Pictures excluded, set down exactly the lines from the one containing "Dodge Nitro Label" through the final line of the material, and only those.
━━━━━ Given data
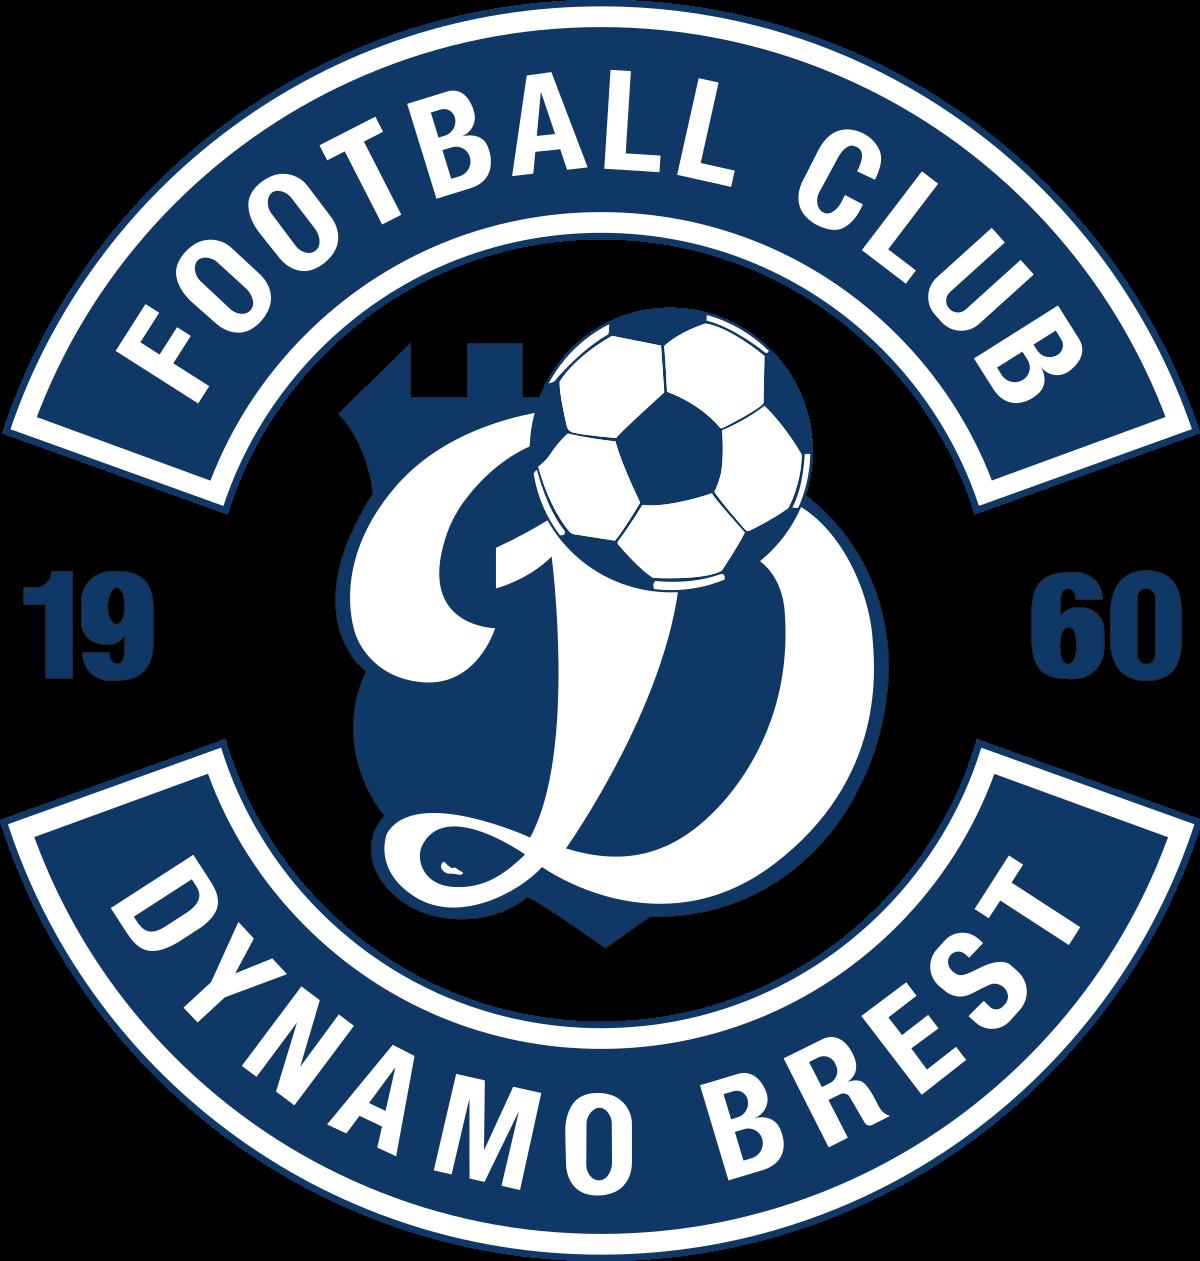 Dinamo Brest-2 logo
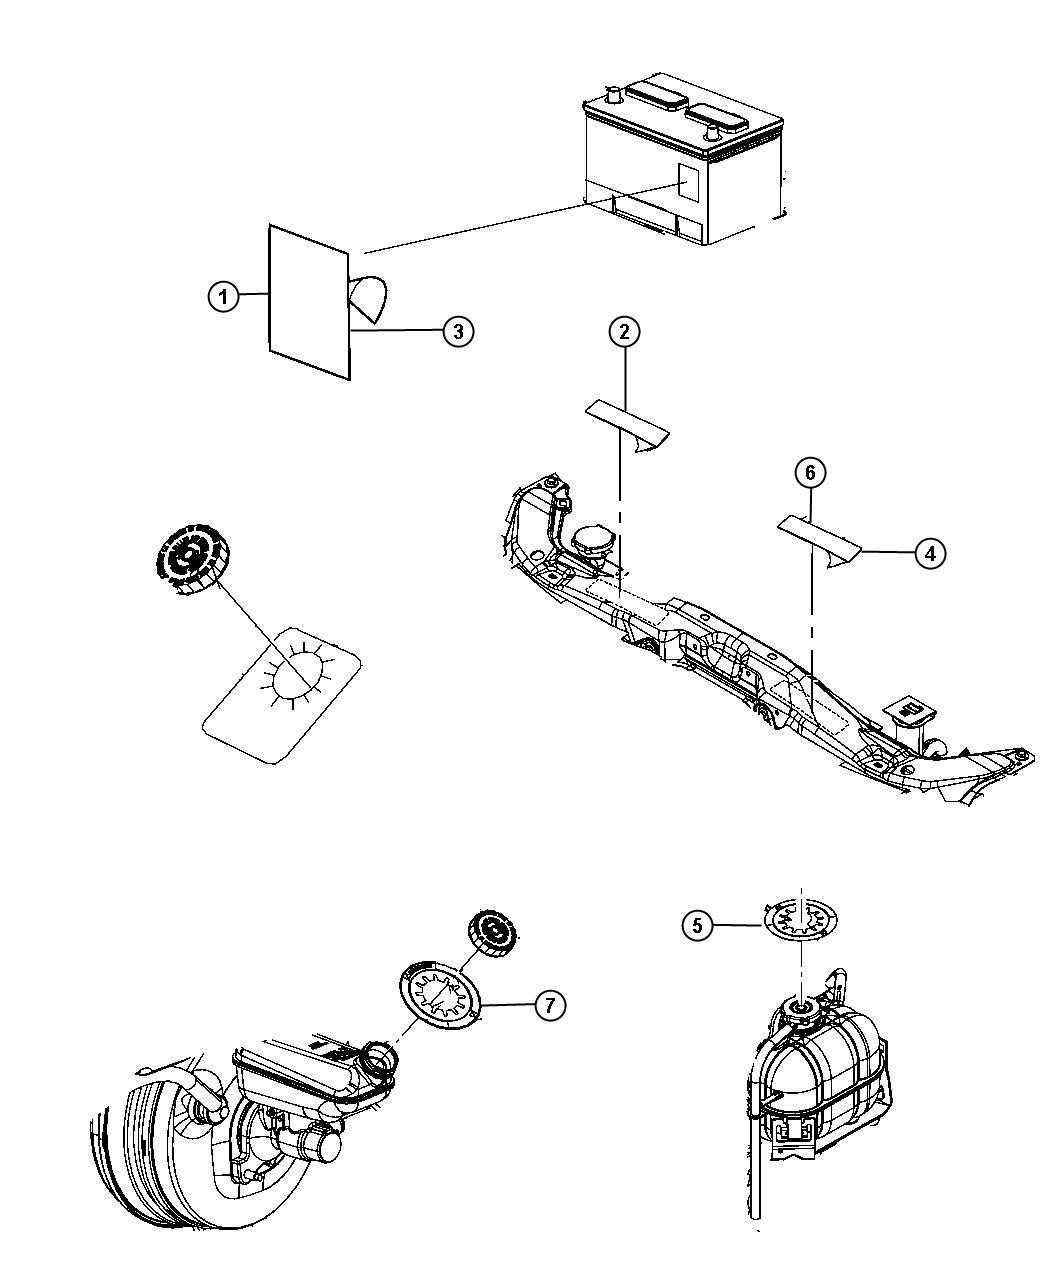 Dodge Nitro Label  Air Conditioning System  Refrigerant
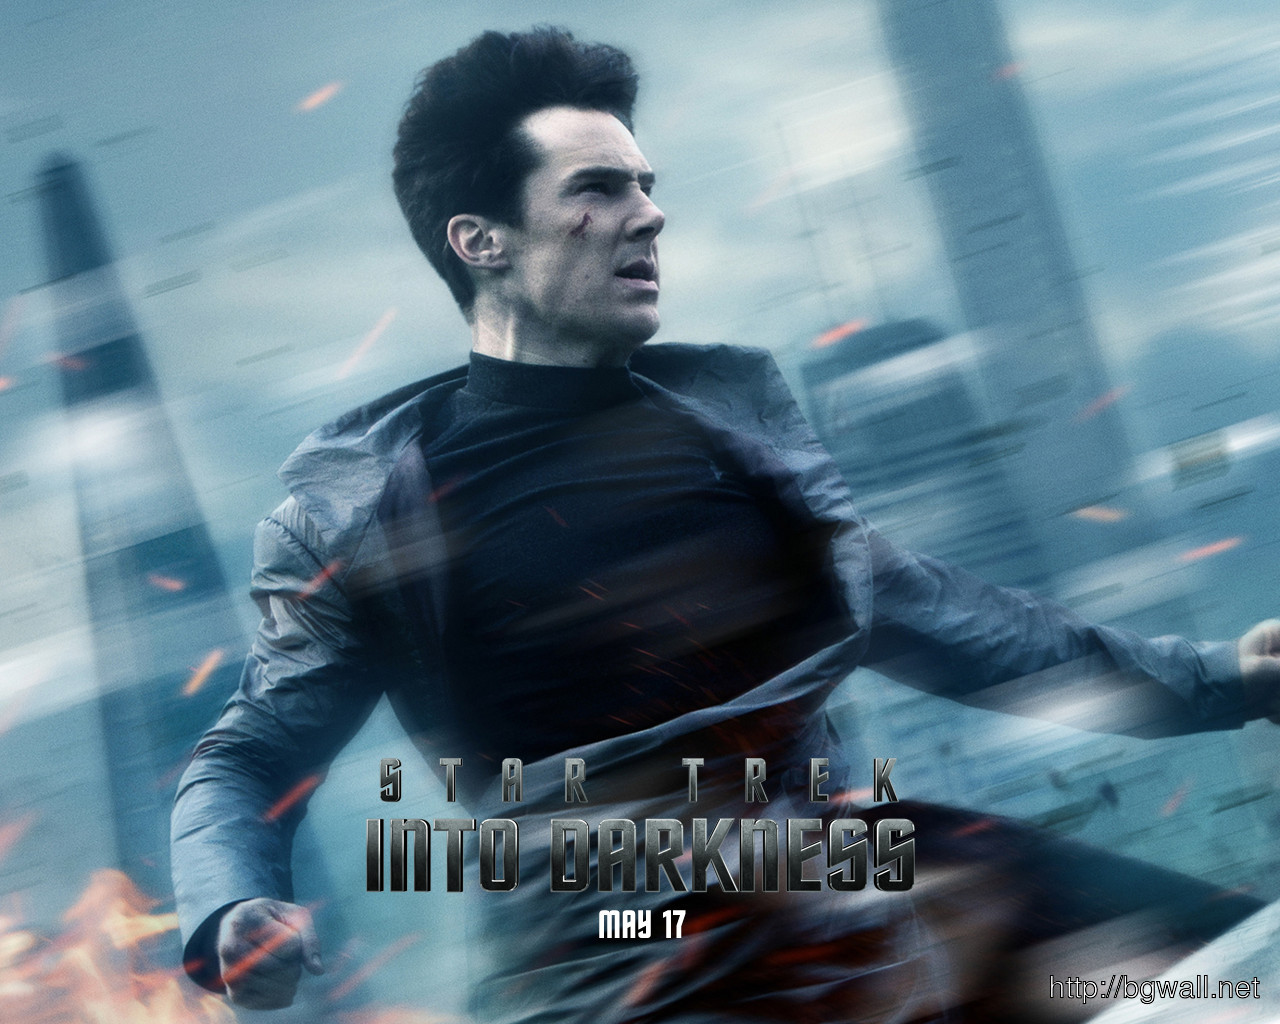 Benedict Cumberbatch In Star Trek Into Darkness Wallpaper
━━━━━━━━━━
Solved exercise
 Dodge Nitro Label  Air Conditioning System  Refrigerant
 Benedict Cumberbatch In Star Trek Into Darkness Wallpaper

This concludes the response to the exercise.